Każdego roku na Black Hat Microsoft wyłania listę 100 topowych badaczy bezpieczeństwa (Top 100 Security Researchers), by pokazać światu zaangażowanie społeczności. Microsoft Security Response Center (MSRC) współpracuje z tysiącami badaczy, zaś lista pozwala firmie wyłonić i zaprezentować światu tych najbardziej produktywnych w danym roku. Jak powstaje zestawienie i kto w nim figuruje?

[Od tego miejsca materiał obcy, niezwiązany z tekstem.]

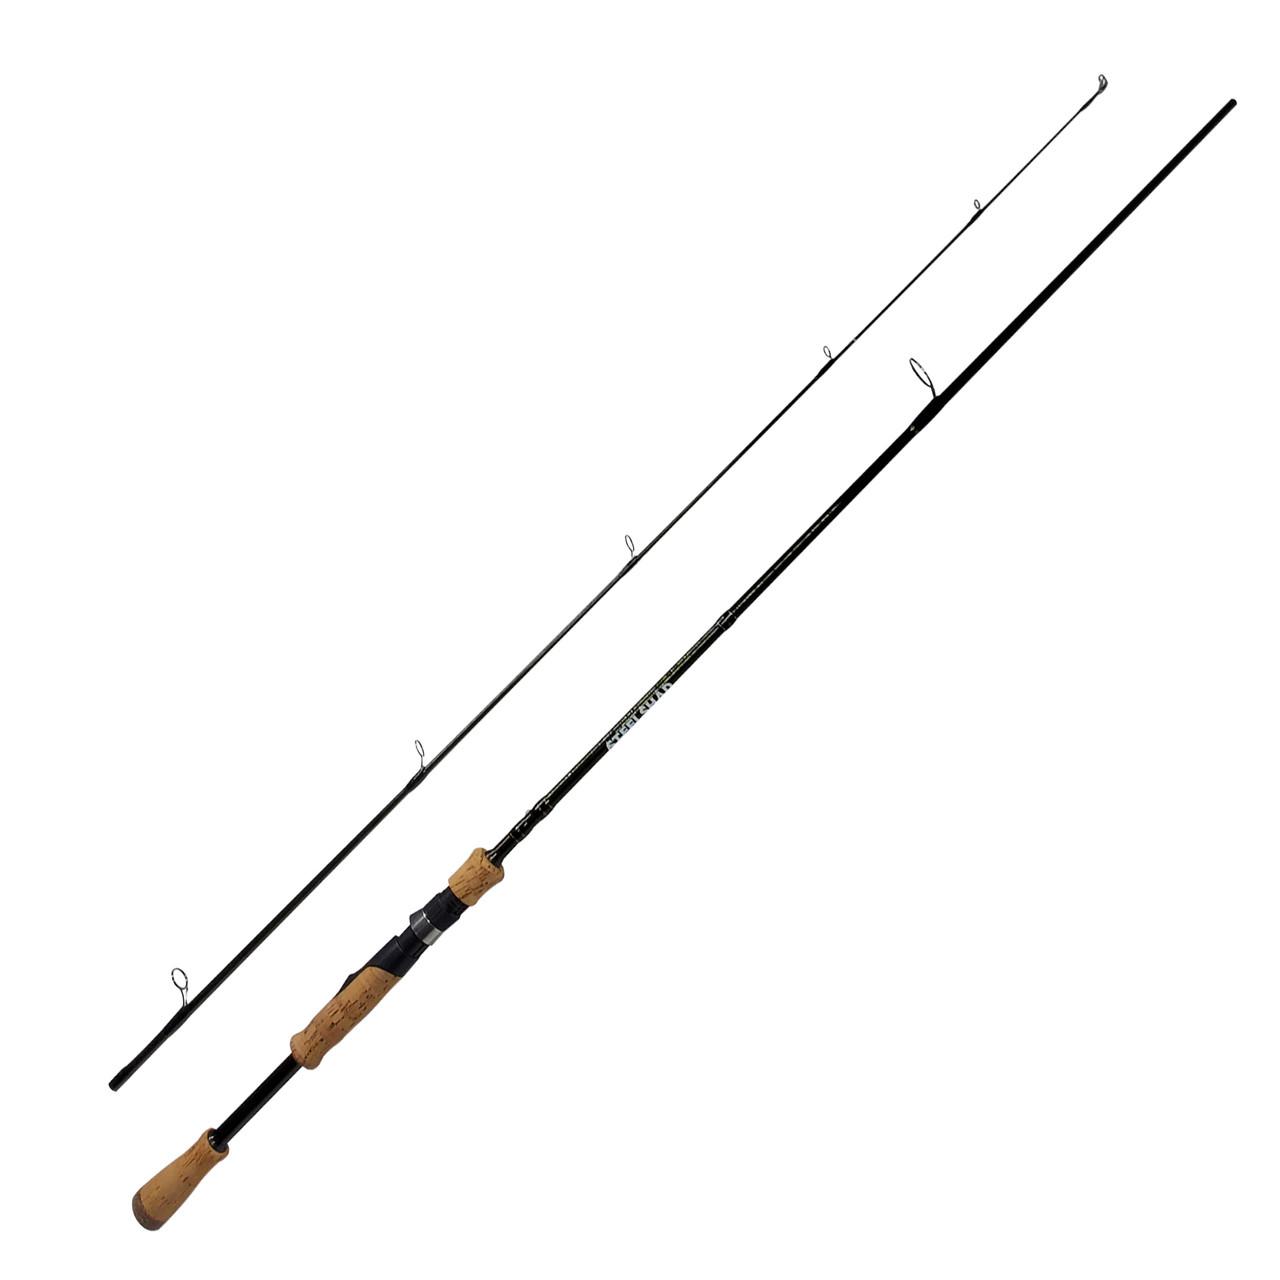 SteelShad 80 Graphite 2-Piece Rod

Prace nad tegoroczną listą rozpoczęły się od zestawienia wszystkich spraw z okresu od 1 lipca 2017 r. do 30 czerwca 2018 r. Brane są pod uwagę sprawy, które zostały rozwiązane. Sprawy, które zostały rozpoczęte w tym okresie, ale nadal czekają na rozwiązanie, będą brane pod uwagę w następnym zestawieniu. Wyniki sortowane są według podziękowań w celu ustalenia badacza i odfiltrowania raportów firm zewnętrznych, takich jak ZDI lub iDefense. Teraz zaczyna się matematyka. Nie wszystkie podatności są takie same. Waga dokonań mierzona jest w oparciu o wpływ na bezpieczeństwo i klientów. Wpływ na bezpieczeństwo (security impact) oceniany jest w skali 1-20, a ciężkość (severity) w skali 1-3.

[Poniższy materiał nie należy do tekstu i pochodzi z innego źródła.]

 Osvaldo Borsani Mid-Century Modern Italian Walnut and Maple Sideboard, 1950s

Microsoft nanosi też poprawki względem badań, związanych z programami Mitigation Bounty i Bounty for Defense, które zazwyczaj mają mniejszy wpływ na bezpieczeństwo, ale poprawiają ochronę wszystkich klientów. Po tym następuje sortowanie badaczy według ocen ważonych. Badacze z taką samą liczbą punktów otrzymują to samo miejsce na wykresie. W tym roku wyniki zostały zaprezentowane na Black Hat USA w środę, 8 sierpnia. Listę opublikowano też na stronie Microsoft TechNet.
"Lista ta identyfikuje topowych badaczy bezpieczeństwa, którzy włożyli swój wkład w badania nad produktami i usługami Microsoftu" - czytamy na stronie. "Doceniamy całą pracę i partnerstwo ze społecznością bezpieczeństwa na przestrzeni lat. Jest to dobre roczne odzwierciedlenie kontrybucji z ostatniego roku. Róbcie dalej tę świetną robotę. Mamy nadzieję usłyszeć was również w tym roku".